Friday, April 6, 2012

Norman Cross Depot - A new idea...

Norman Cross Depot, near Peterborough, Huntingdonshire, was one of the first purpose-built prisoner of war camps in the world. Until its construction, prisoners from the Napoleonic Wars on European soil had been brought to Britain and housed wherever was convenient--castles, villages, prisons and hulks. It is estimated that over 12,000 Frenchmen died in prison ships between 1803 and 1814.

The housing of prisoners of war was long overdue for improvement. The Royal Navy Transport Board was in charge of prisoners of war. Norman Cross Depot aimed to improve their living conditions, and though it could house only some 5000 men, it was intended as a model for all such prisons to follow.
 The depot was based on the form of an artillery fort. It had a ditch, a stockade and sentries for security and a central guard house, complete with cannon. Being in the north of England, it was thought far enough from France that prisoners could not easily flee home.
The depot was divided into four, with accommodation blocks and 'ablution' blocks in each. There was good water, and plentiful food prepared by cooks from among their number. Prisoners were clothed in a yellow suit and a red waistcoat to facilitate discovery should they escape. Escape attempts were frequent; very few of them were successful. During a search in 1808, some 700 daggers were discovered.
a museum model of Norman Cross Depot
Boredom was the chief enemy of the prisoners. They were given books, and if they could not read and write they were offered instruction. Gambling was endemic, and losses resulted in a great many hungry prisoners as they wagered their food. They also wagered their clothing, and naked, freezing prisoners were not uncommon. The most successful prisoners turned to arts and crafts, and created astonishing works of art which they could sell to local people.
Model, now in Danish museum, created by prisoner of war
This website has more illustrations of the prisoners' handiwork.

It occurs to me to wonder what the residents of Peterborough and area thought when plans were unveiled for the building of the prisoner of war camp in their area. Was there a 'nimby' (not in my backyard) reaction?
from Google maps - red balloon marks the site of Norman Cross
Peterborough is a cathedral town, and was a substantial presence in the northern counties during the Regency era. Burghley House, ancestral home of the Cecils, stands nearby, and the River Nene in its valley crosses the fenland. Did people want a prison camp defacing their surroundings?
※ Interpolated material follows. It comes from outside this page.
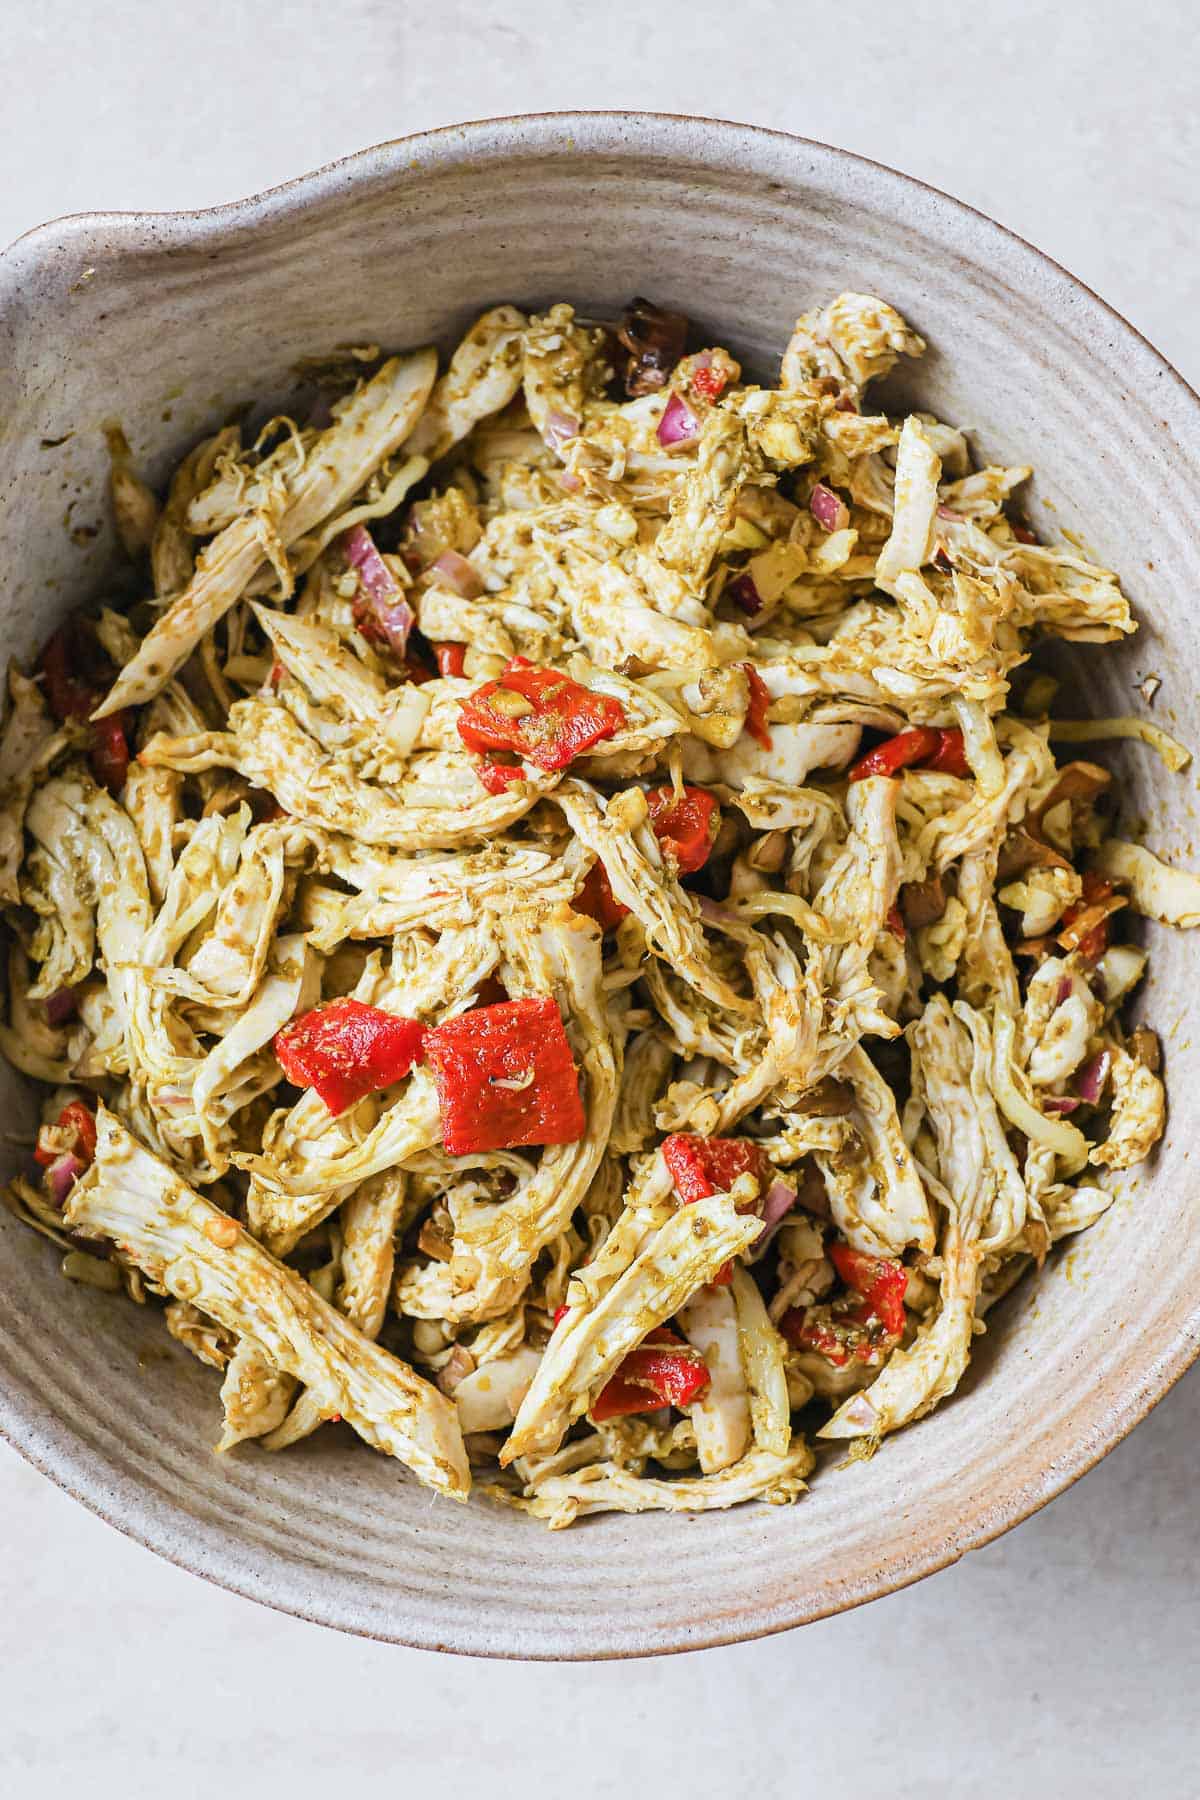 A mixing bowl filled with shredded chicken, tossed in pesto, with roasted red peppers and red onions.
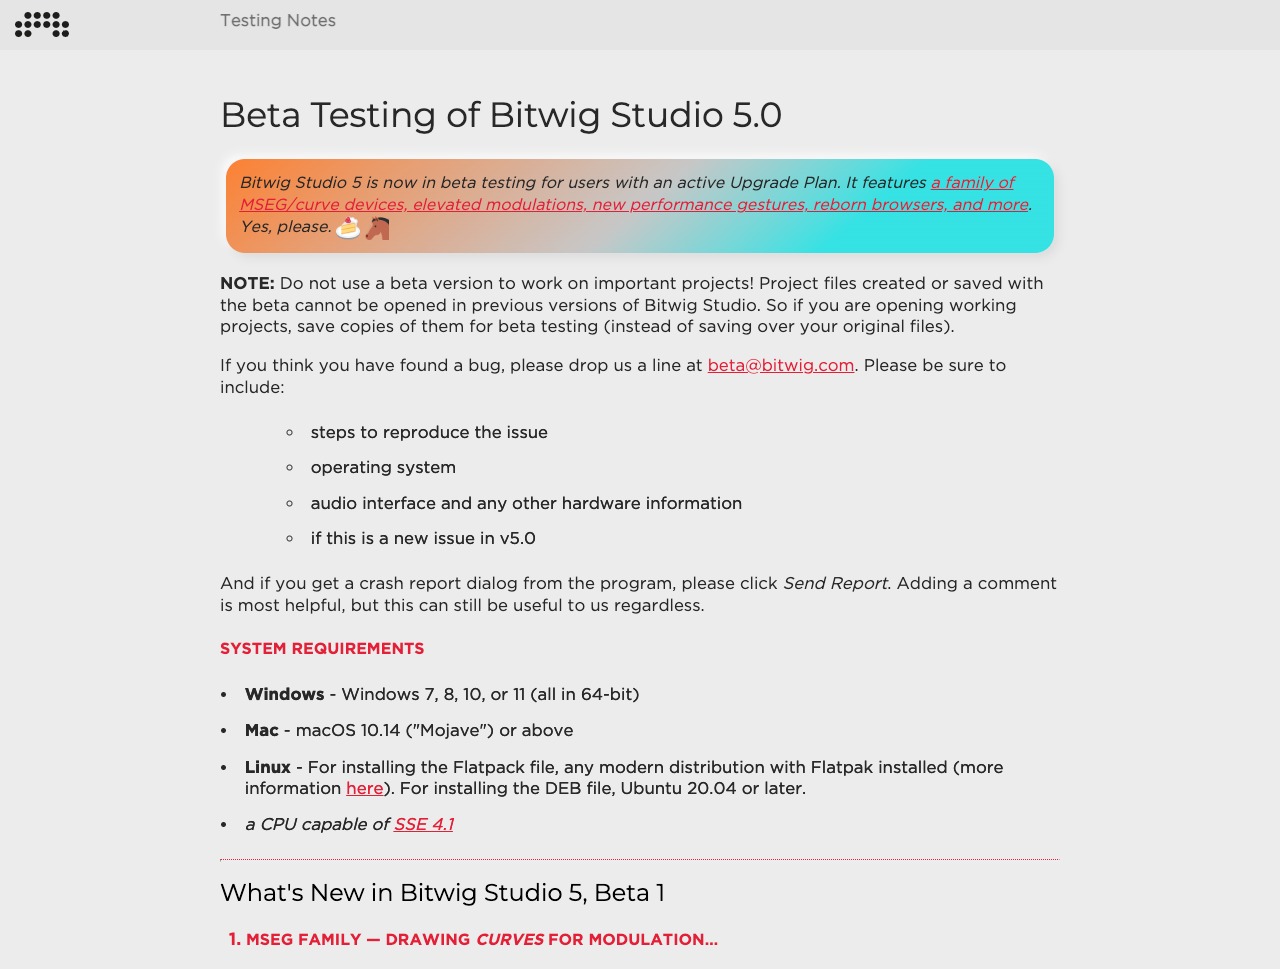 Testing Notes for Bitwig Studio 5

There is no record of dissent, and certainly the camp brought prosperity to some segments of local society. The food purchased by the depot must have supported local farmers, and the other supplies needed probably enriched many local merchants.

Norman Cross Depot was mentioned in several of the magazines of the time. Cobbett's Weekly Political Register reported in 1802 that 1000 prisoners were moved from the Depot, eventually to be transported to Dunkirk. The Criminal Recorder remarked on the gambling prevalent among the prisoners. The Medical and Physical Journal, volume 12, contains "A Short Statement of the Result in the Practice of the Hospital for Prisoners of War at Norman Cross. Communicated by Leonard Gillespie, appointed Physician to the Fleet in the Mediterranean Sea."

Norman Cross Depot was an important development in the history of war and its effects. It was also a major factor in the social history of the Peterborough area. Given that senior French officers were allowed more freedom in their captivity and sometimes married into local society, detention centres like Norman Cross frequently fire the imaginations of storytellers!

'Til next time,


1 comment:

Anne Gallagher said...

I have just used this prison in my latest Regency story.